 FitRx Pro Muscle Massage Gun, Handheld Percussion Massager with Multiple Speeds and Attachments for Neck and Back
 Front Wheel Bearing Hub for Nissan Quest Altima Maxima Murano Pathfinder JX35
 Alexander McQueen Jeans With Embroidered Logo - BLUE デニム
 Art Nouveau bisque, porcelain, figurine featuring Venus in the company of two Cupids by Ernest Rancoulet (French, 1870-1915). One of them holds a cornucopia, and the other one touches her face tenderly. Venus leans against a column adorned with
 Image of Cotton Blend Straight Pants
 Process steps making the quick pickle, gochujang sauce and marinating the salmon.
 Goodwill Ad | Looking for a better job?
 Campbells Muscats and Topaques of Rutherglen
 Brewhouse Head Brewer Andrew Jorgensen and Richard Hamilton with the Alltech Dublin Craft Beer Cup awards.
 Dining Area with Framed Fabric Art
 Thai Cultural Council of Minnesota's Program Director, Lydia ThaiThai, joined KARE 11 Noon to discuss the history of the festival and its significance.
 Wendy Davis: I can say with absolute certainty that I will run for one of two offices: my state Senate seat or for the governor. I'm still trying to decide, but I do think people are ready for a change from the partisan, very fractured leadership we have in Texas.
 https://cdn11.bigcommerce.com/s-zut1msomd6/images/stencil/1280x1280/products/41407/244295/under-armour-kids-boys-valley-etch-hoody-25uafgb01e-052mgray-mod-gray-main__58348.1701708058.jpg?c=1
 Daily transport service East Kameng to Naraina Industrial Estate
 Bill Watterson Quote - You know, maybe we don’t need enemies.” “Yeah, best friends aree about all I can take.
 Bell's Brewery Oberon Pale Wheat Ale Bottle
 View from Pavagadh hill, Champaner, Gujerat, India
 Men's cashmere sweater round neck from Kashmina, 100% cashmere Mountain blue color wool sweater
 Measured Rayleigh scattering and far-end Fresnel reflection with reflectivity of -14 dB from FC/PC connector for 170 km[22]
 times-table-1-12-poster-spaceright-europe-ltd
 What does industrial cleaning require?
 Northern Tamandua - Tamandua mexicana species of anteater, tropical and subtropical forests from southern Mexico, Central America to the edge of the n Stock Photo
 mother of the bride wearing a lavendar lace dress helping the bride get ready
##########
**TASK STATEMENT**
For each line in the data above that contains the string "from", extract the line.

**SOLUTION FOR THIS TASK**
 Wendy Davis: I can say with absolute certainty that I will run for one of two offices: my state Senate seat or for the governor. I'm still trying to decide, but I do think people are ready for a change from the partisan, very fractured leadership we have in Texas.
 View from Pavagadh hill, Champaner, Gujerat, India
 Men's cashmere sweater round neck from Kashmina, 100% cashmere Mountain blue color wool sweater
 Measured Rayleigh scattering and far-end Fresnel reflection with reflectivity of -14 dB from FC/PC connector for 170 km[22]
 Northern Tamandua - Tamandua mexicana species of anteater, tropical and subtropical forests from southern Mexico, Central America to the edge of the n Stock Photo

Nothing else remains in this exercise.